Step 7 - Run the project
dbt run
This builds all staging, intermediate, and final models. On first run with a large dataset, expect this to take 15-45 minutes depending on patient volume and warehouse size.
You can monitor build progress with:
dbt run --select tag:final # build only final output tables
dbt run --select empi_crosswalk empi_golden_record # build specific tables
Step 8 - Run tests
dbt test
All tests should pass. Common failure causes on first run:
- Source tables missing required columns → add the columns (nulls allowed)
- Manual review tables don't exist → re-run the DDL from Step 3
- Profile misconfiguration → check
dbt debugoutput
Step 9 - Validate your results
Open the output tables and spot-check match quality:
-- How many records matched vs. singletons?

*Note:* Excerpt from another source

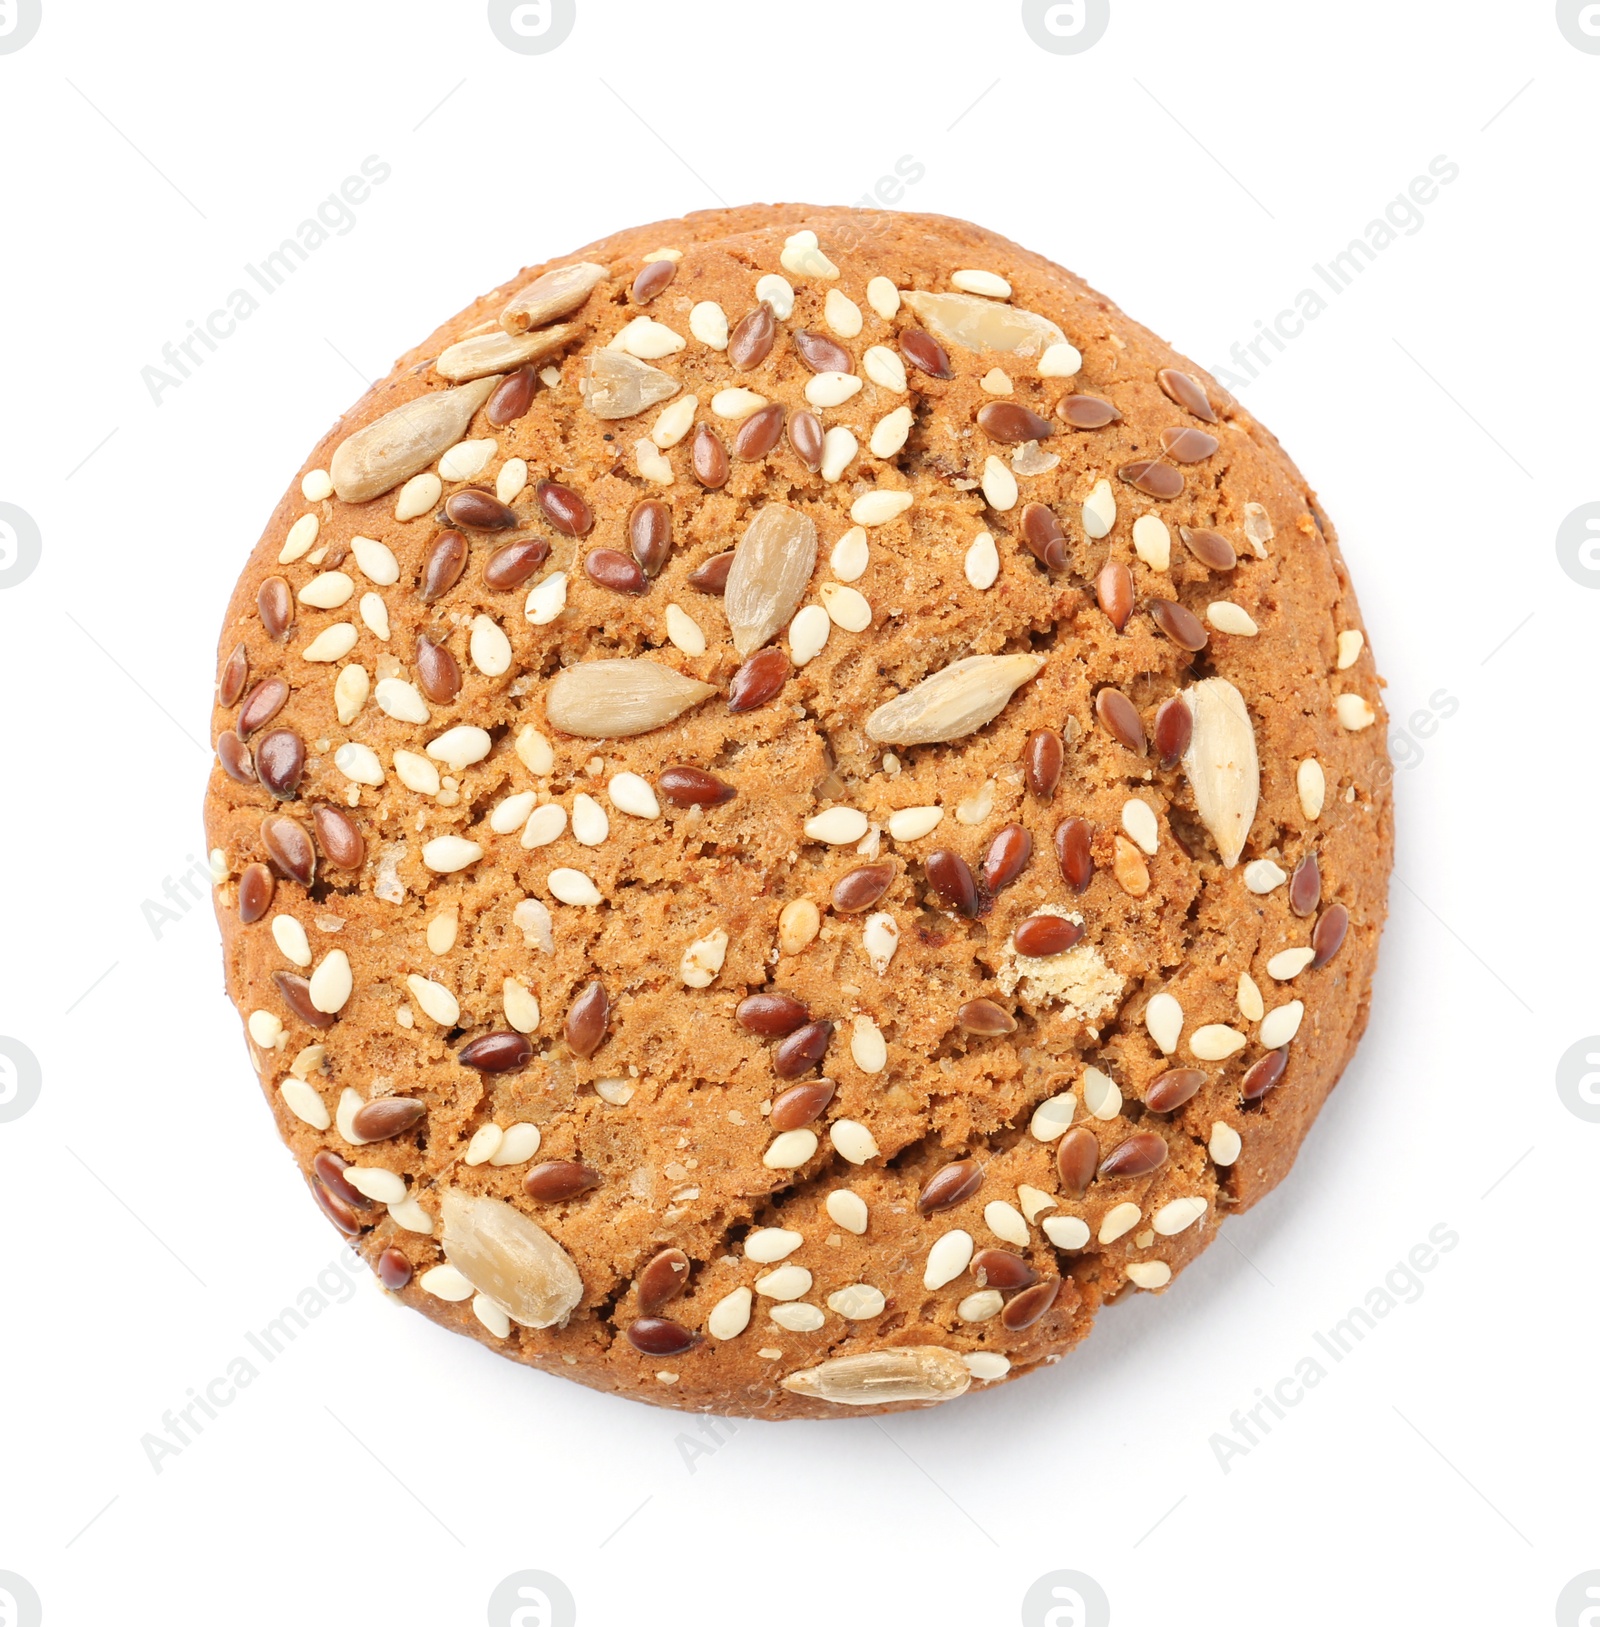 Photo of Grain cereal cookie on white background. Healthy snack

SELECT match_status, COUNT(*) as records
FROM empi.empi_crosswalk
GROUP BY match_status;
-- How large are the clusters?
SELECT cluster_size, COUNT(DISTINCT empi_id) as clusters
FROM empi.empi_crosswalk
GROUP BY cluster_size
ORDER BY cluster_size;
-- Review a sample of matches with their narratives
SELECT *
FROM empi.empi_patient_events
WHERE event_type = 'EMPI_MATCH'
LIMIT 25;
-- Check data quality anomalies
SELECT *
FROM empi.empi_demographic_anomalies
ORDER BY affected_records DESC;
If match quality looks off (too many or too few matches), see the Configuration Guide for threshold tuning.
Step 10 - Enable snapshots (optional but recommended)

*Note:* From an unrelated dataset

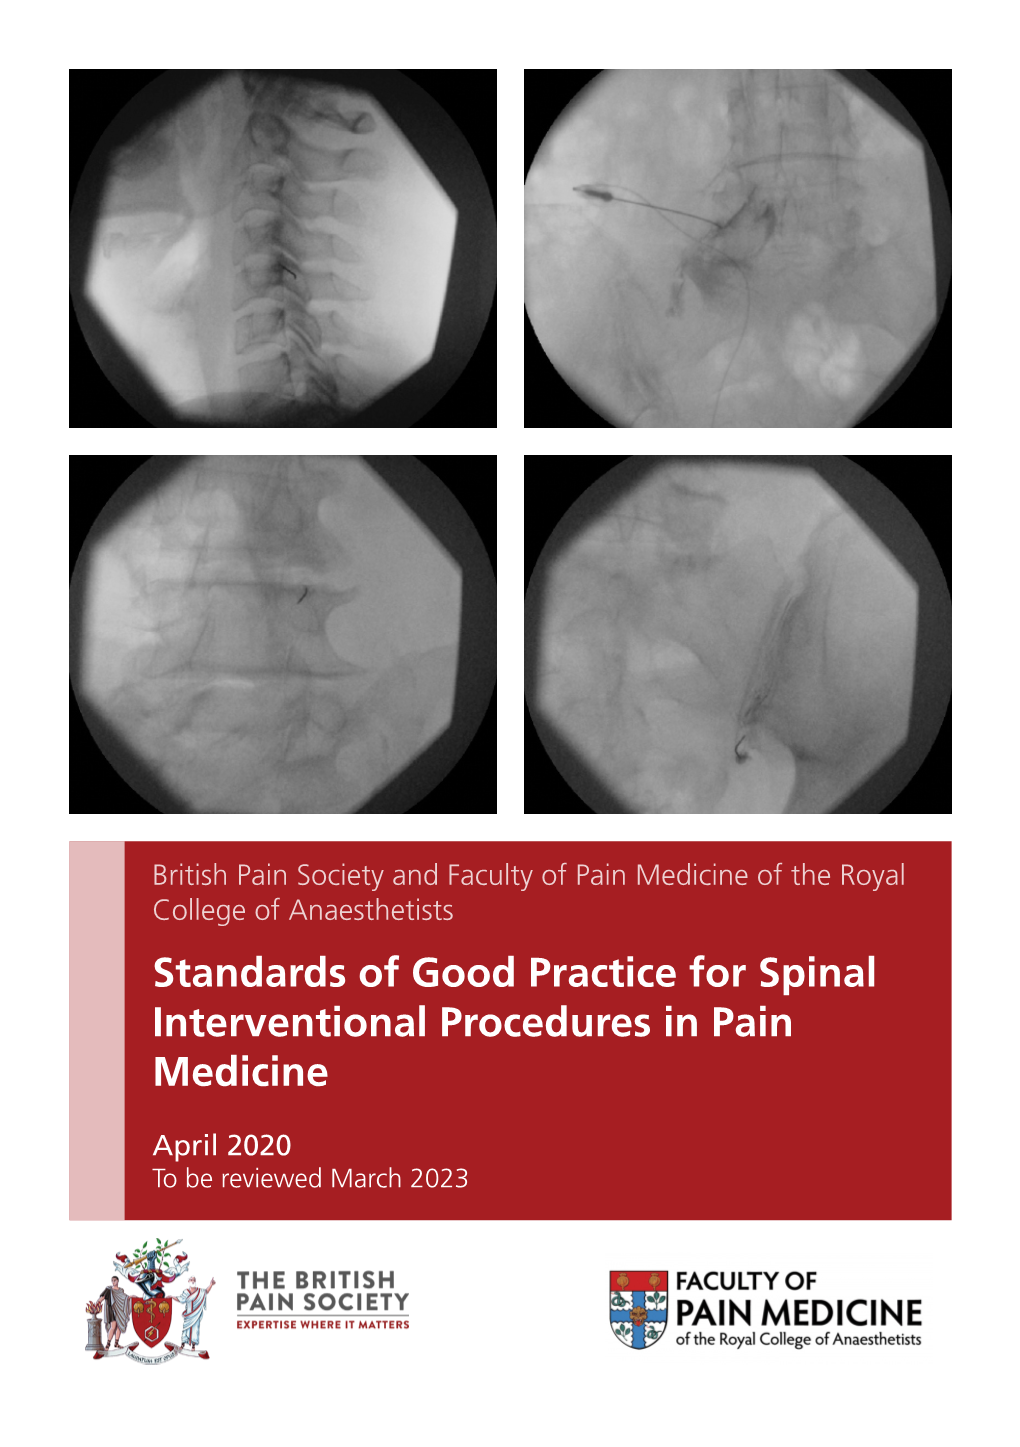 Standards of Good Practice for Spinal Interventional Procedures in Pain Medicine

Snapshots enable change-detection events in empi_patient_events - you'll see EMPI_ID_CHANGED, MATCH_STATUS_CHANGED, and SOURCE_DATA_UPDATED events across runs.
Run snapshots after the first dbt run:
dbt snapshot
Then enable snapshot events in dbt_project.yml:
vars:
empi_lite:
empi_snapshot_enabled: true
On all subsequent runs, execute in order:
dbt snapshot && dbt run
Installation pattern A - Local package import
If you want EMPI Lite to run as part of your existing dbt project rather than as a standalone project, use the local package import pattern.
In your existing dbt project's packages.yml:
packages:
- local: ../empi_lite/empi_lite # path relative to your project root
Then run dbt deps in your existing project. EMPI Lite models will build alongside your existing models in a single dbt run.
Your existing project's dbt_project.yml must include the EMPI Lite vars:
vars:
empi_lite:
empi_input_database: your_database
empi_input_schema: your_schema
match_threshold: 0.70
review_threshold_low: 0.50
review_threshold_high: 0.69
empi_snapshot_enabled: false
empi_custom_attributes_enabled: false
Routine operations
Once set up, the ongoing operational cadence is:
# On each source data refresh:
dbt snapshot && dbt run
# Process review queue (ad hoc or scheduled):
# 1. Query empi_review_queue_matches and empi_review_queue_splits
# 2. Insert decisions into empi_manual_review tables
# 3. Re-run: dbt run
Upgrading to a new version
When a new version of EMPI Lite is released:
- Pull the latest code from the upstream repo
- Do not overwrite:
seeds/empi_blocking_rules.csv(if you've customized blocking groups)seeds/empi_attribute_scores.csv(if you've tuned weights)seeds/empi_invalid_values.csv(if you've added custom invalid values)dbt_project.yml(contains your vars)models/sources.yml(contains your source configuration)
- Safe to overwrite: all
models/SQL files,macros/,snapshots/,tests/ - Run
dbt deps && dbt seed --exclude tag:large_seed && dbt run
Recommended: Keep your customizations on a dedicated git branch. Merge new versions into
mainand cherry-pick or rebase your branch.